Producer Sureshbabu agrees. “It is good that the government is helping us deal with piracy. The bigger issue is to make people realize the seriousness of the issue. Apart from the loss to the manufacturers, their privacy has been compromised.”

These concerns were echoed internationally. At the Interpol Global Meeting on Digital Piracy held in Seoul, Korea on November 17 and 18, the need for global enforcement agencies to stay connected and exchange knowledge for actionable intelligence was a major theme, says Rajkumar. “If cinema is going global, then piracy is also going global.”

Piracy and Malware

In 2021, cryptomining malware was found embedded in pirated downloads Spider-Man: No Way HomeCompromising both individual devices and corporate networks.

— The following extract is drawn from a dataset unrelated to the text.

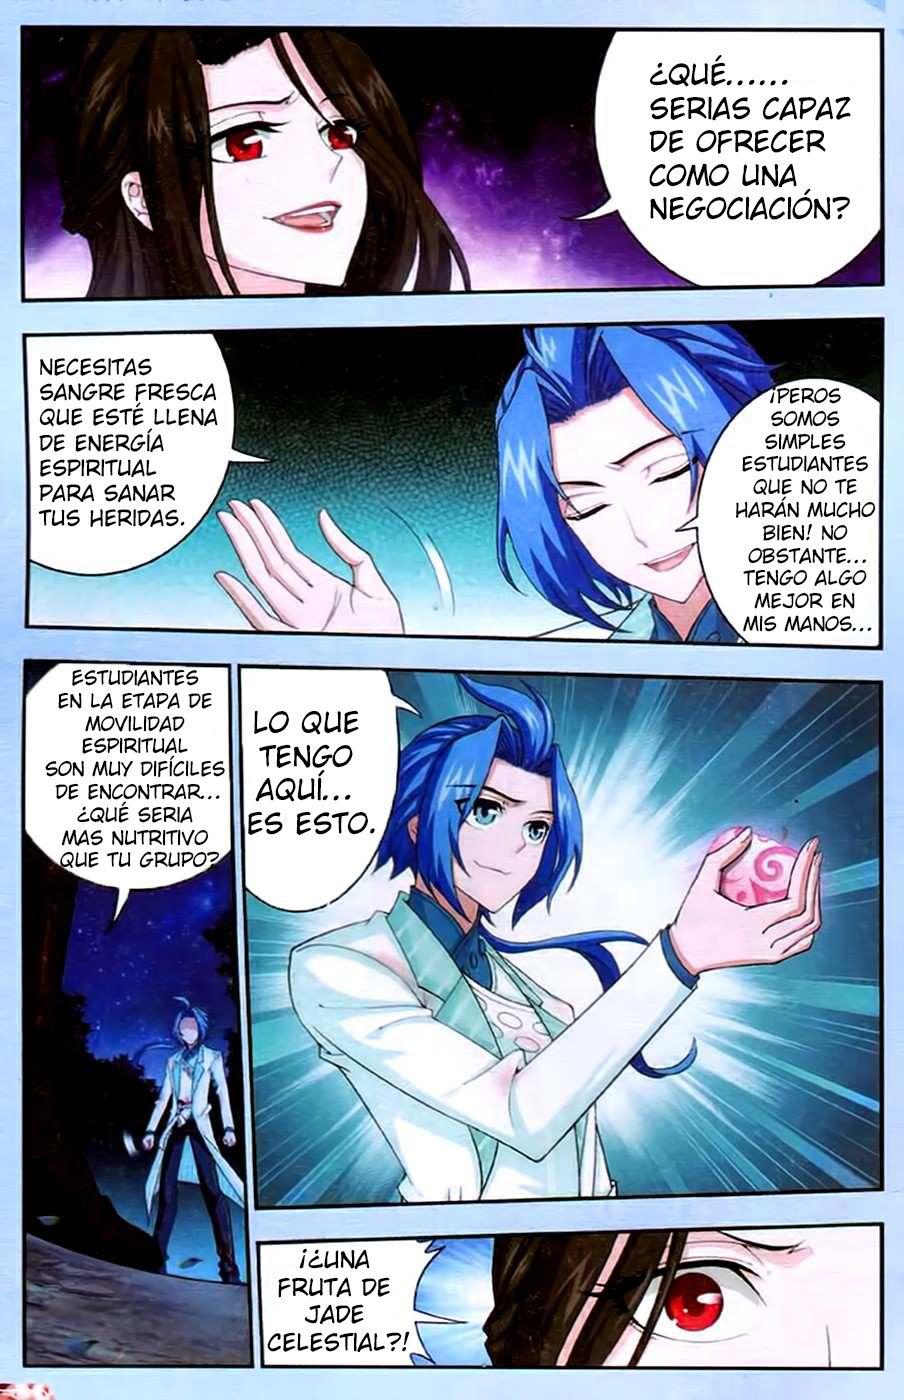 http://c5.ninemanga.com/es_manga/26/16346/457755/9398a81b705d554c0e94ef6b2081ffd4.jpg Page 5

Rajkumar reiterated, “If just one piracy syndicate (iBomma) was earning around Rs 25 lakh per month, it shows the magnitude of the problem. Betting apps linked to the network are benefiting from the traffic coming to piracy sites.”

On November 27, the Telugu film industry, with the help of the Telangana government, signed an MoU with Japanese film and anime organization CODA (Contents Overseas Distribution Association) to strengthen intellectual property protection and take countermeasures against online copyright violations. This MoU assumes significance in view of the increasing popularity of Japanese anime in India.

For Rajkumar, the bigger fight now is to hold middlemen like web-hosting companies accountable. “When piracy links are encountered, complaints are made with the hosting domain, and it takes 24 to 36 hours for the link to be removed. By then, the damage has been done as hundreds of mirror websites will already have those links. We are developing tools to escalate the issue in real-time to the hosting domain.”